Atatürk, Kurtuluş Savaşında kendisine büyük destek veren Kırşehir'e ikinci kez 1 Şubat 1934 tarihinde gelmiştir. Atatürk'ün yanında Kılıç Ali, Prof. Afet İnan, Falih Rıfkı Atay, Ruşen Eşref Ünaydın, bazı komutanlar ve diğer arkadaşları bulunuyordu.

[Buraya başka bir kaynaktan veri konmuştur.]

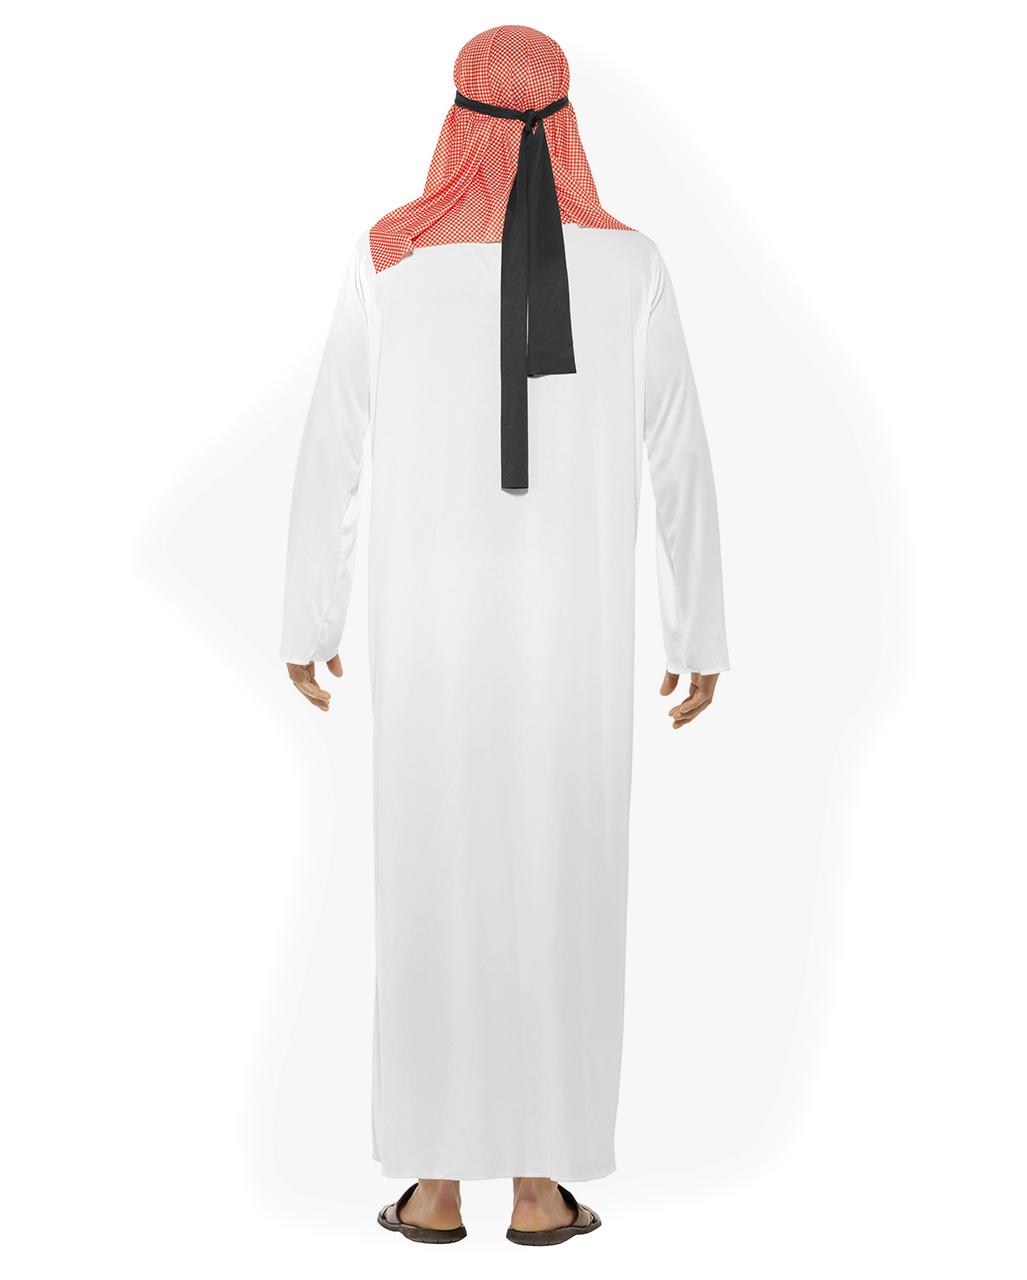 orientalisches araber kost m f r den karnevalsumzug karneval universe. Black Bedroom Furniture Sets. Home Design Ideas

Kendisini Kaman yakınlarında Kırşehir Valisi Nazım Bey ile oluşturulan heyet karşıladı. Kırşehir halkı tarafından coşkuyla karşılanan Atatürk, vilayette bir çok incelemelerde bulundu. Atatürk'ü karşılayan Kırşehir halkı hep bir ağızdan şu dörtlüğü söylüyordu:
Hoşgeldiniz Gazi Paşa
Düşmanları vurdu taşa
Milletinle ordun ile
Kemal Paşa binler yaşa
O zamanki adı "Memleket Hastanesi" olan kentin tek hastanesini ziyaret ettikten sonra ders dinlemeye bir okula giden Atatürk, bir çocuğa bazı sorular sormuş. Atatürk'ün şiir konusundaki sorusuna çocuk, aşağıdaki şu dizelerle yanıt vermiştir. Çocuğun okuduğu şiirden çok duygulanan Atatürk, cebindeki altın kalemi çıkartıp okulun öğretmenine hediye etmiştir.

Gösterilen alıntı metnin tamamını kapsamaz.